Eclectic folk artist Odie Leigh gives listeners a taste of all that she can be on debut EP, How Did It Seem To You. Leigh’s music is deeply founded in the blues and classic folk traditions of Louisiana, often featuring self-taught fingerpicking, simple strings and woodwinds. Leigh’s DIY music-production is enticing and sincere in a way that maintains all of the rawness vital to folk music.
Leigh’s voice is wholly enthralling — her timbre is rich and dark, like a muddy brown; honey-sweet with a healthy amount of grit. The EP is meant to be heard on an old country porch, among swishing grasses and chirping crickets, with wood creaking underfoot. There is something about hearing the squeak of fingertips against wound-strings that makes the intention of the artist seem palpable. It’s almost as if you are in the room where it was written, cheek pressed to the wood body of an acoustic guitar, watching deft hands move in a quick, neat fingerstyle, feeling each strike reverberate through your skull.
The EP opens with “A Month Or Two,” characterized by a melodic walking bass line that bounds from side to side. Here, Leigh’s voice and acoustic guitar are of the same lovely timbre and tones, monochrome browns, earthy and warm — they work quietly alongside each other before blooming into a chorus layered in soft strings and wispy backing vocals. Leigh sings of giving things time, replacing bad habits with new ones and the acute pain of a first heartbreak.
From there, chirping birds welcome listeners into “Nine Lives,” a song about dissolving into another person, living your life for them and giving them everything you have. “Nine Lives” is about coming out of a relationship and realizing you saved nothing for yourself — you lost so much to the other person in sheer hope of loving them another day. Leigh paints such a pretty picture of misery that you might miss the poignant heartbreak here and think it a whimsical, woodsy love song. Delicately placed wind instruments act like a soft breeze moving through the treetops, rustling leaves and stirring up songbirds as her clear and resonant vocals trill and dip into a deep warm range.
“Habits Held” and “Take Back” lie on opposite ends of a bad relationship — “Habits Held” is about swapping old poisons for new ones and loving someone you know is no good, and “Take Back” is about reclaiming every ounce of yourself that you put into another person. Strings and layered voices feel almost cathartic — like a choir rising above the mix, lamenting the heartbreak that lives in these tracks.
“Crop Circles” is as mesmerizing as always, a familiar favorite that brought many listeners to Odie Leigh when released in March 2022. Themes of growing older, changing and fearing it deeply still ring true to listeners, and when placed in context with the entirety of How Did It Seem To You, I find myself even more enthralled with Leigh’s storytelling ability.

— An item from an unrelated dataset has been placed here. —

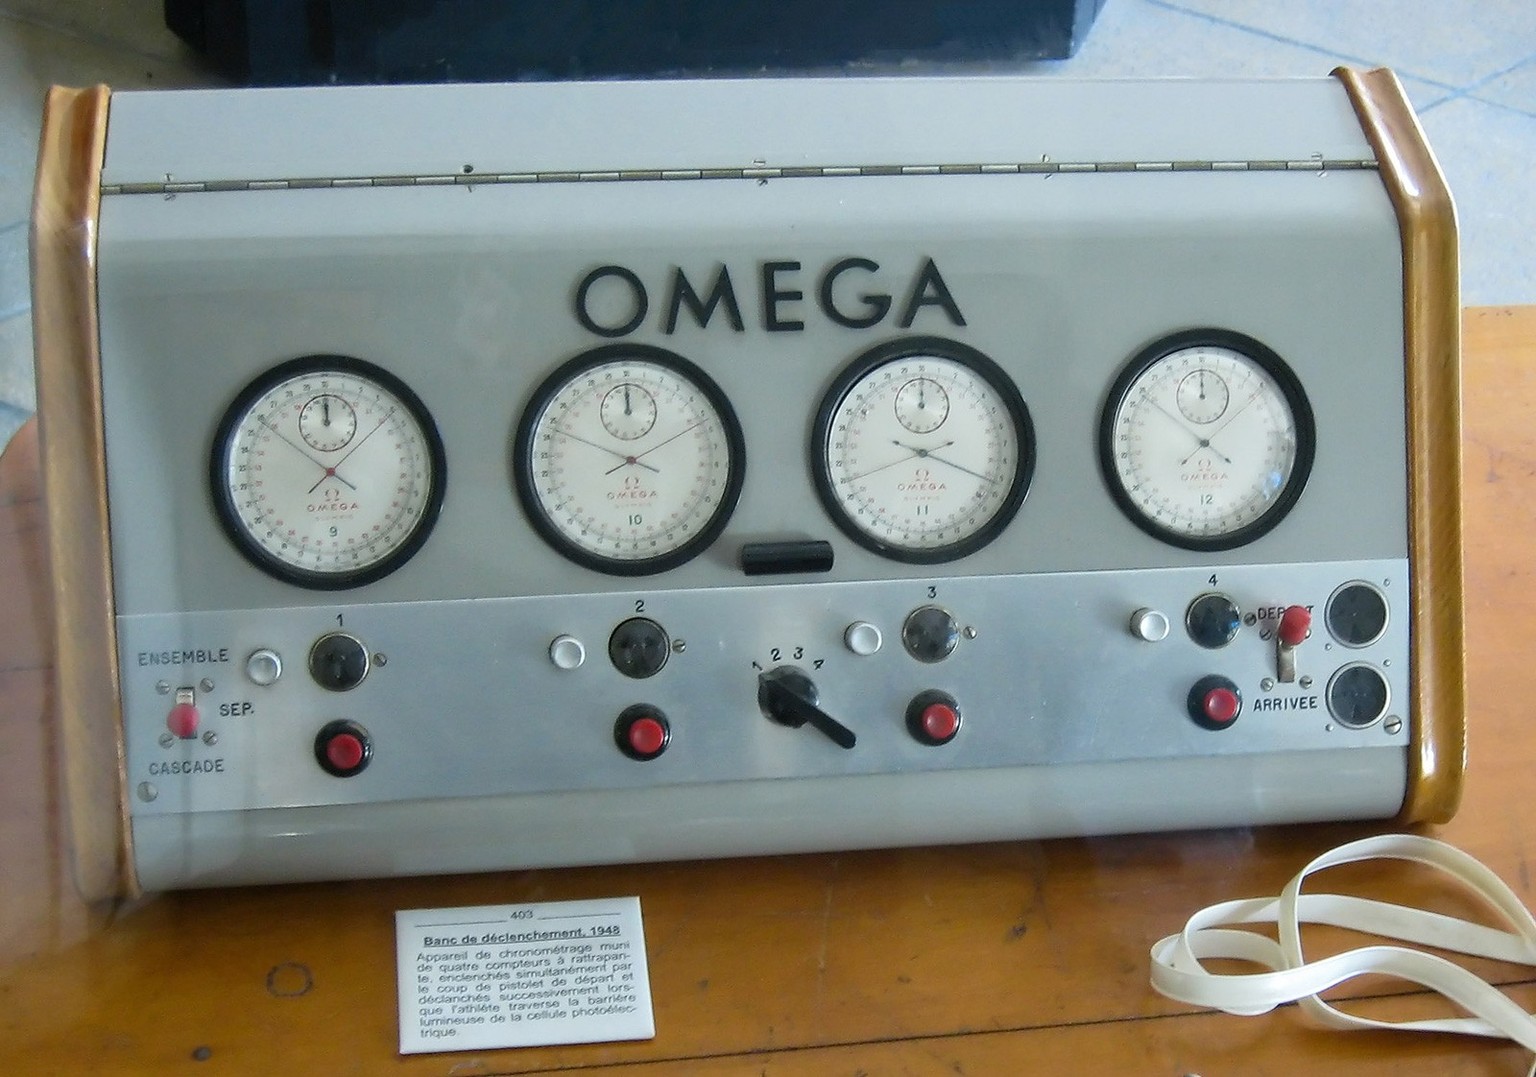 Vollautomatischer Chronograph von Omega, 1948. Die vier Zeitmesser wurden durch die Startpistole ausgelöst und mithilfe von Lichtzellen angehalten. https://commons.wikimedia.org/wiki/File:Banc_de_d%C3 ...

Odie Leigh’s music always has such a wonderfully enticing spatial effect to it. Listeners can feel deeply involved in the stories she spins because it sounds as if she is right there alongside them. Leigh understands that good folk music creates a place to feel at home, music that can draw you in and hold you close. At its heart, music should be an intimate exchange between artist and listener, and How Did It Seem To You manages to give listeners Leigh’s whole heart.